Show HN: POS – A basic API to consult Part of Speech of a word - atum47
https://victorribeiro.com/pos
======
atum47
A long time ago I was working on a sentence generator. I end up studying
sentence's composition and part of speech. As I was having trouble to find a
free API that would let me consult the POS of a given word, I end up hacking
this one together. When you make a post to the only end point (up to 10
messages) it will return the POS of that word PLUS a suggested word with the
same POS.

let me know if you find this useful.

p.s.: I'll will keep this up until my server can handle the requests.

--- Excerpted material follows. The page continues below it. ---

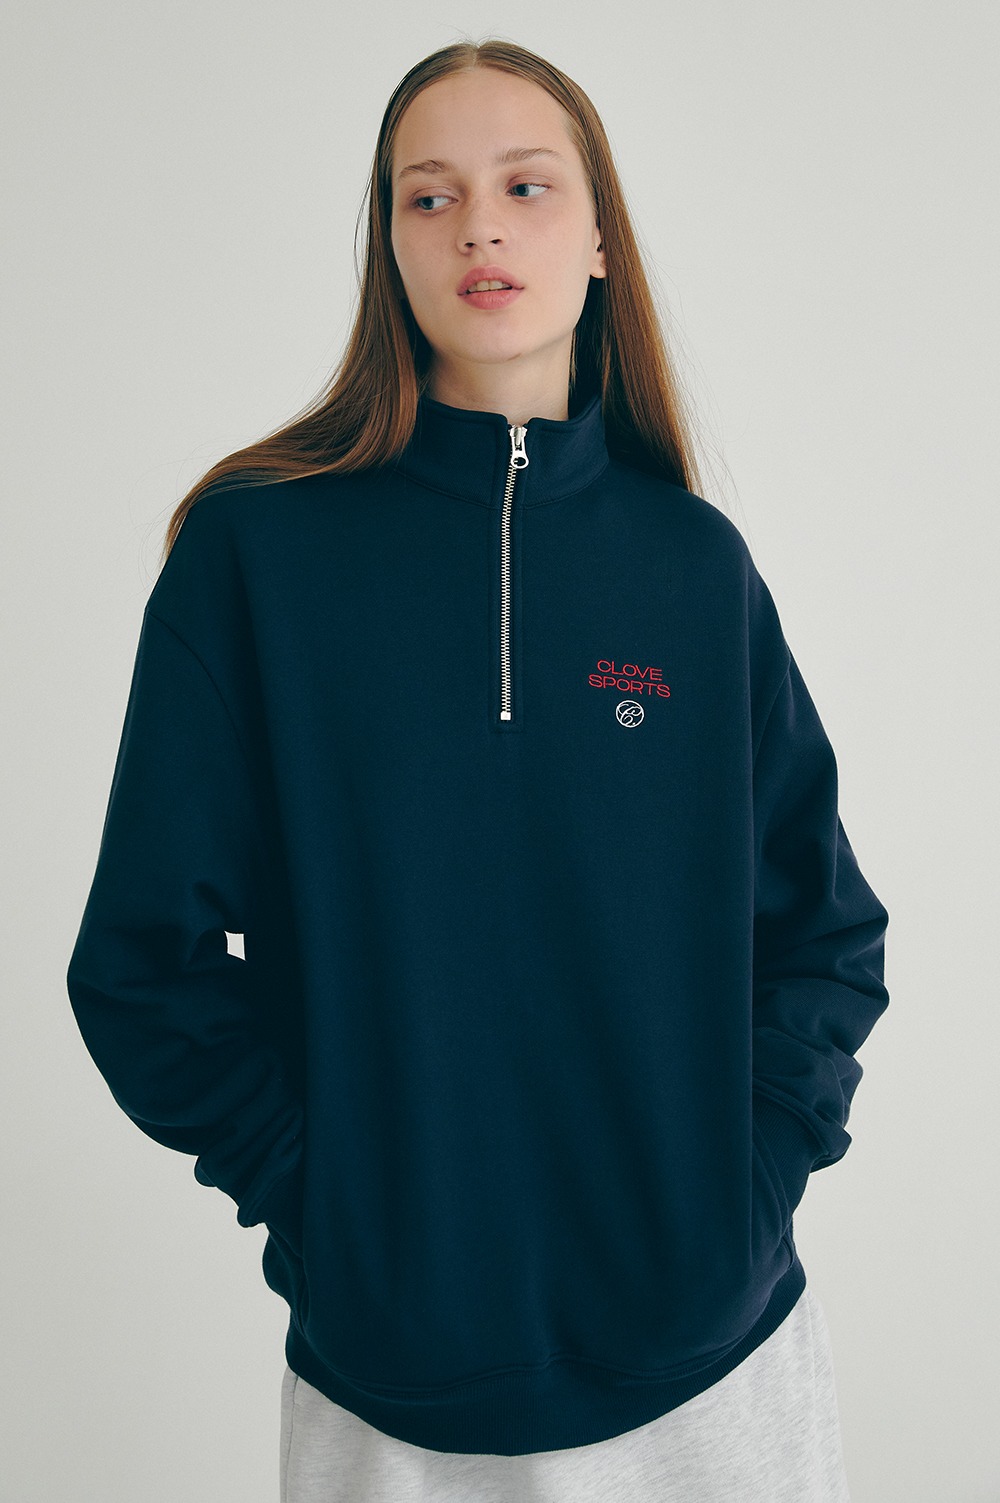 clove - [22FW clove] Sports Half-Zip Sweatshirt (Dark Navy)

I don't
believe many people would use this, but if they do, I'll have to figure
something else.

------
atum47
If you want to try it out:

curl -X POST -F "msg=today"
[https://victorribeiro.com/pos/word.php](https://victorribeiro.com/pos/word.php)

curl -X POST -H "Content-Type: application/json" -d '{"msg":"day"}'
[https://victorribeiro.com/pos/word.php](https://victorribeiro.com/pos/word.php)

fetch('[https://victorribeiro.com/pos/word.php'](https://victorribeiro.com/pos/word.php'),
{ method: "POST", headers: {"Content-Type": "application/json"}, body:
JSON.stringify({msg: "today"}) }). then( r => r.json() ). then( data =>
console.log(data) ). catch( e => console.error(e) )